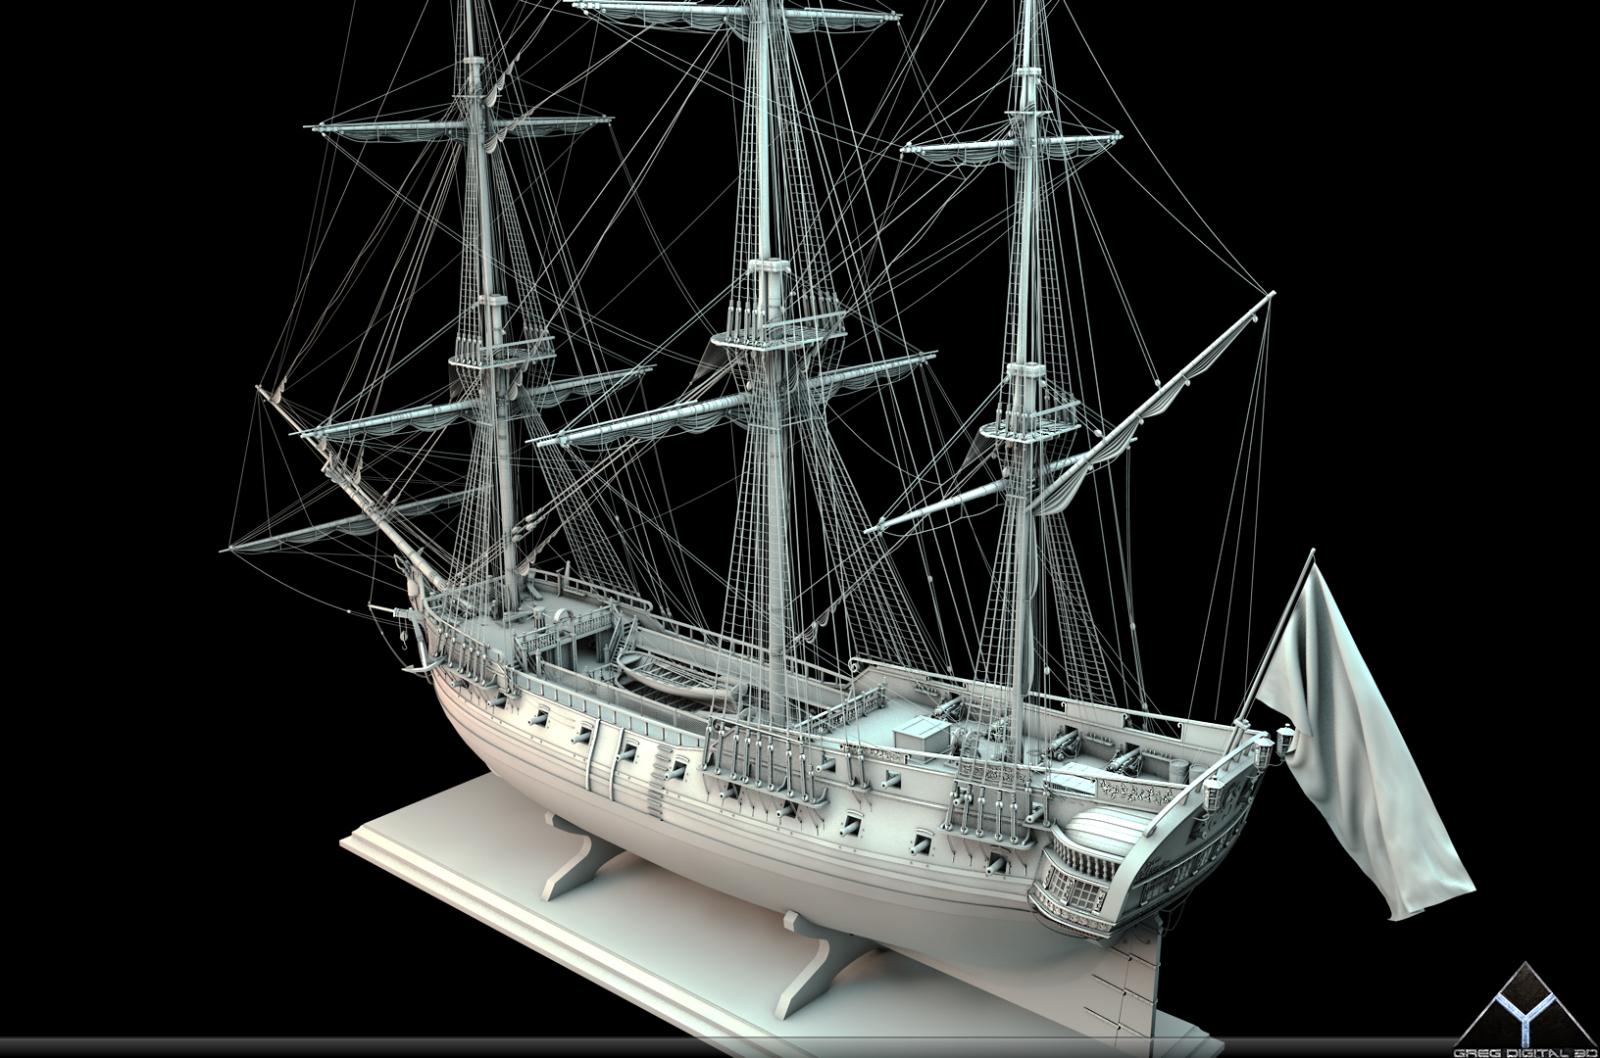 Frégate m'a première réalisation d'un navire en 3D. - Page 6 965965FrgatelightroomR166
---
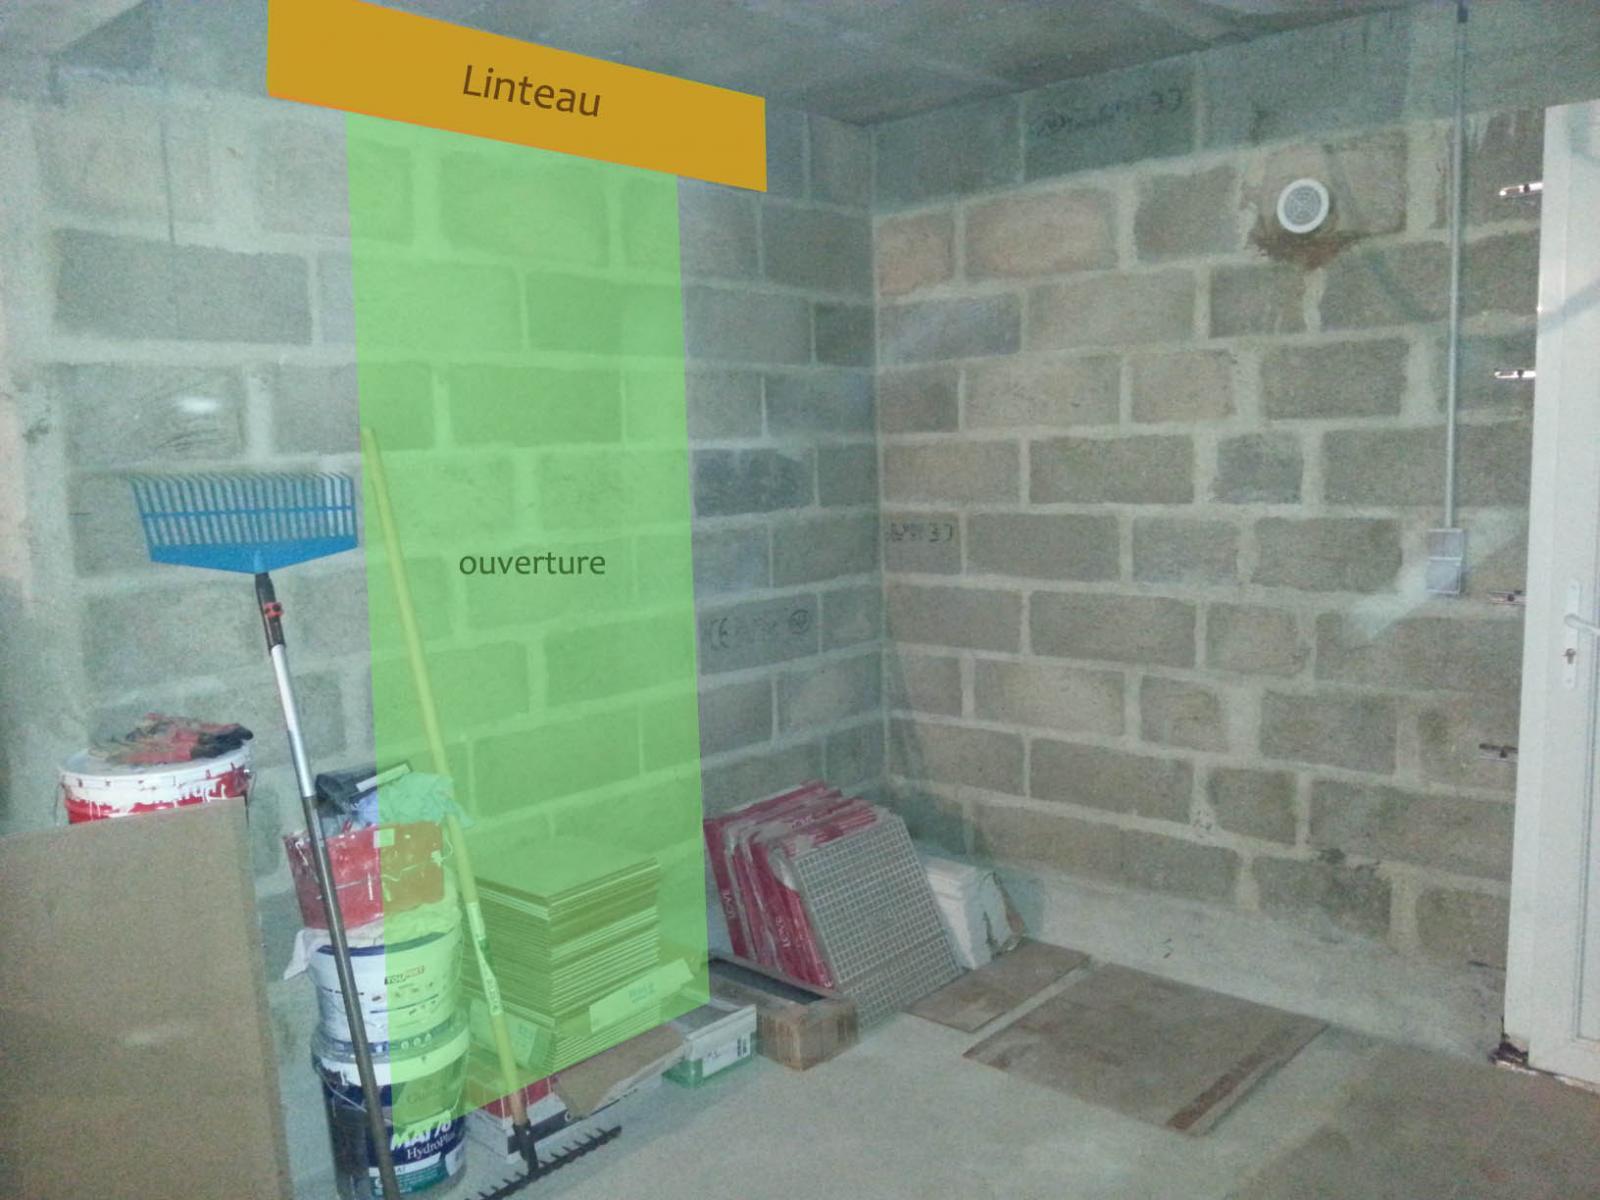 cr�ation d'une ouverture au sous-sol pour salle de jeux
---
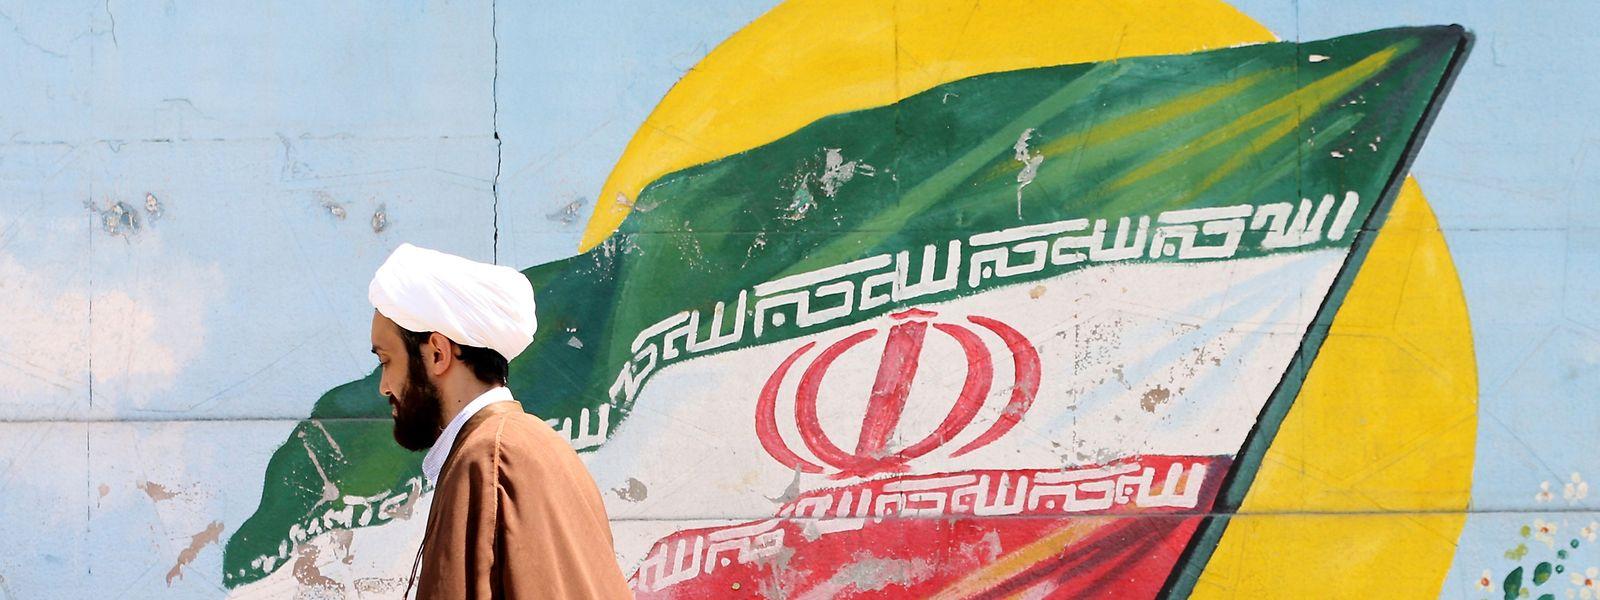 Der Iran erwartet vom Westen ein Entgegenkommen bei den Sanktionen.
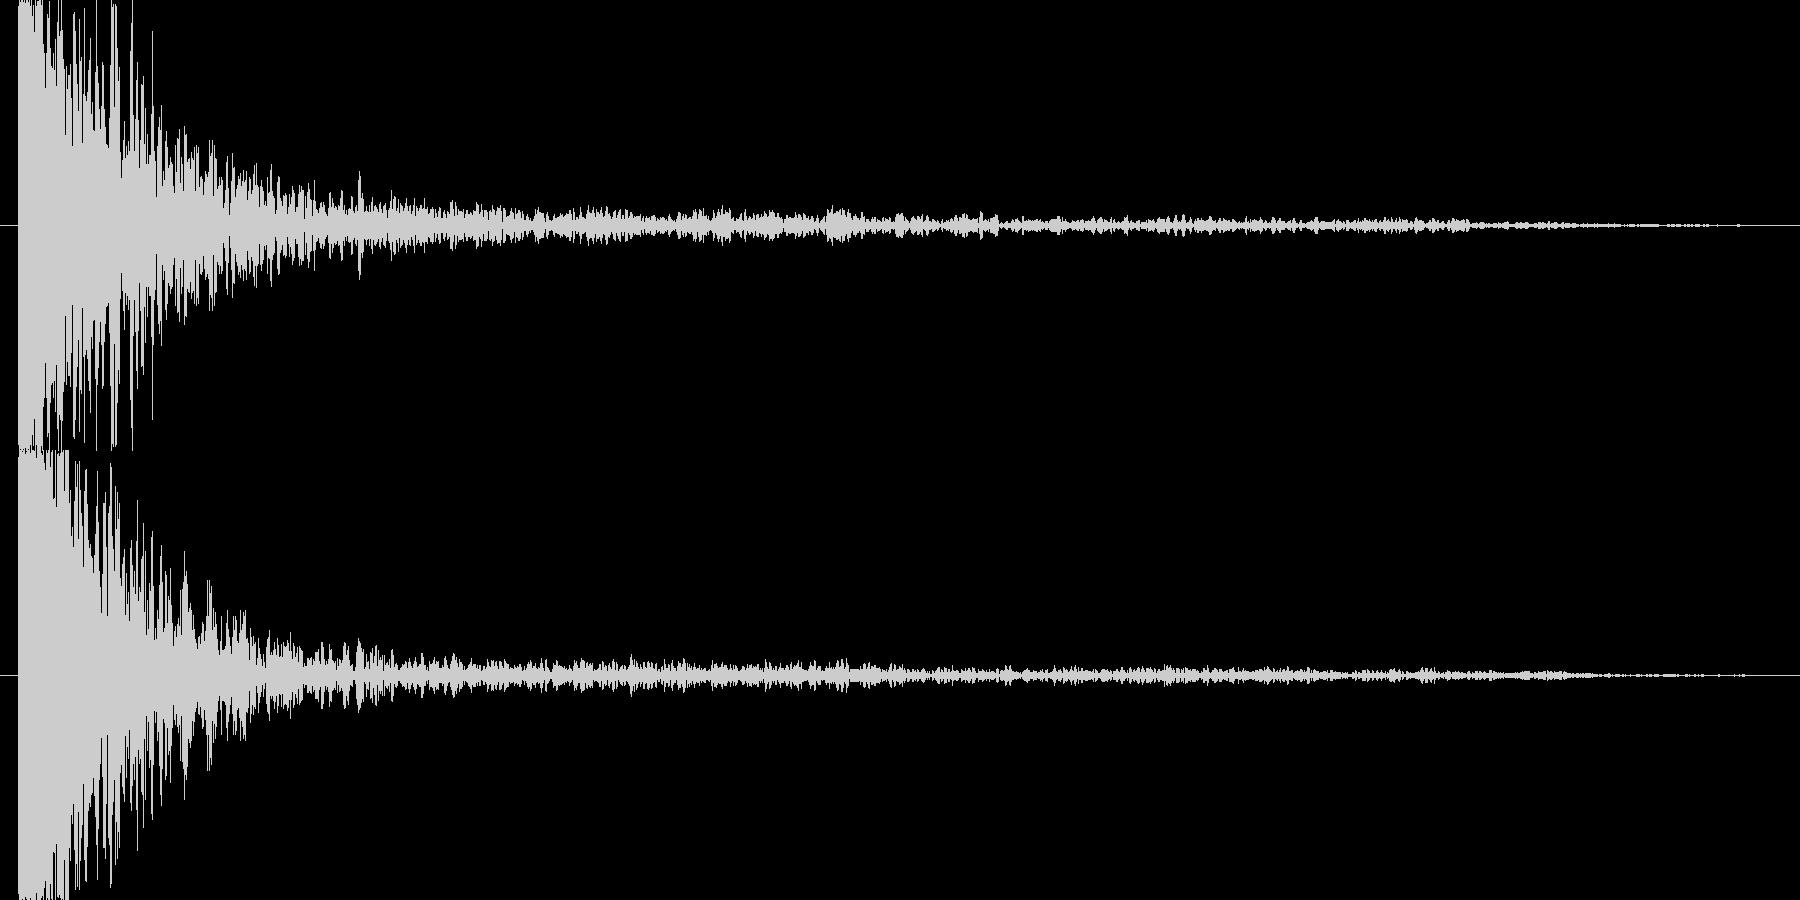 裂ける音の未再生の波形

● **Work order**
Using the data above, set down each line from the line with "Der Iran erwartet" to the line with "裂ける音の未再生の波形" exactly, both ends included, and leave the pictures behind. Nothing else belongs.

● **Response to the exercise**
 Der Iran erwartet vom Westen ein Entgegenkommen bei den Sanktionen.
 裂ける音の未再生の波形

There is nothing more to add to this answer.